Show that $\displaystyle f\left(g^{-1}(x)\right)=g\left(f^{-1}(x)\right) \Leftrightarrow f^{-1}\left(g(x)\right)=g^{-1}\left(f(x)\right)$

If we substitute $\displaystyle x=f(u)$, we get

$\displaystyle f\left(g^{-1}\left(f(u)\right)\right)=g^{-1}\left(f\left(f^{-1}(u)\right)\right)$
$\displaystyle \Updownarrow$
$\displaystyle f\left(g^{-1}\left(f(u)\right)\right)=g(u)$

This means that $\displaystyle g^{-1}\left(f(u)\right)=f^{-1}\left(g(u)\right)$, because $\displaystyle f\left(f^{-1}\left(g(u)\right)\right)=g(u)$.

Now, if the above equality holds for $\displaystyle u$, it must also hold for $\displaystyle x$, and we have that

$\displaystyle g^{-1}\left(f(x)\right)=f^{-1}\left(g(x)\right)$

and that

$\displaystyle f\left(g^{-1}(x)\right)=g\left(f^{-1}(x)\right) \Leftrightarrow f^{-1}\left(g(x)\right)=g^{-1}\left(f(x)\right)$

Which was to be shown.

Does this hold, or have I overlooked something?

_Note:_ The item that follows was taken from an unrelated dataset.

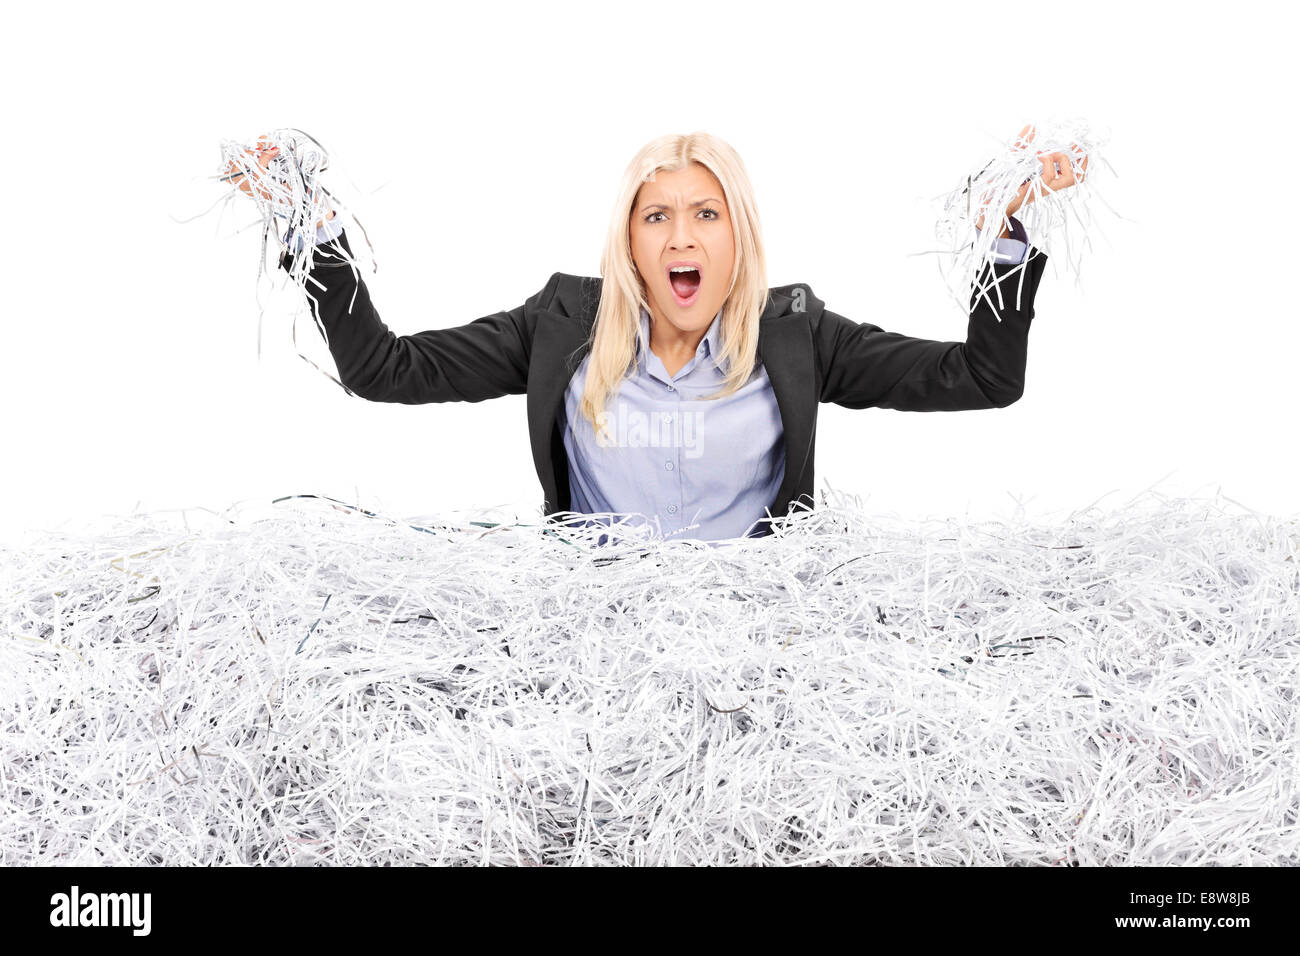 Angry businesswoman dans une pile de papier déchiqueté Banque D'Images

That is good. The only issue I have with this is that we do not know much about $\displaystyle f,g$ themselves.
If these were bijections on $\displaystyle \mathbb{R}$ then what you did is okay.
3. Yes, I assumed that was the case with f and g. But what if they were bijections on $\displaystyle \mathbb{C}$? Would it not hold then?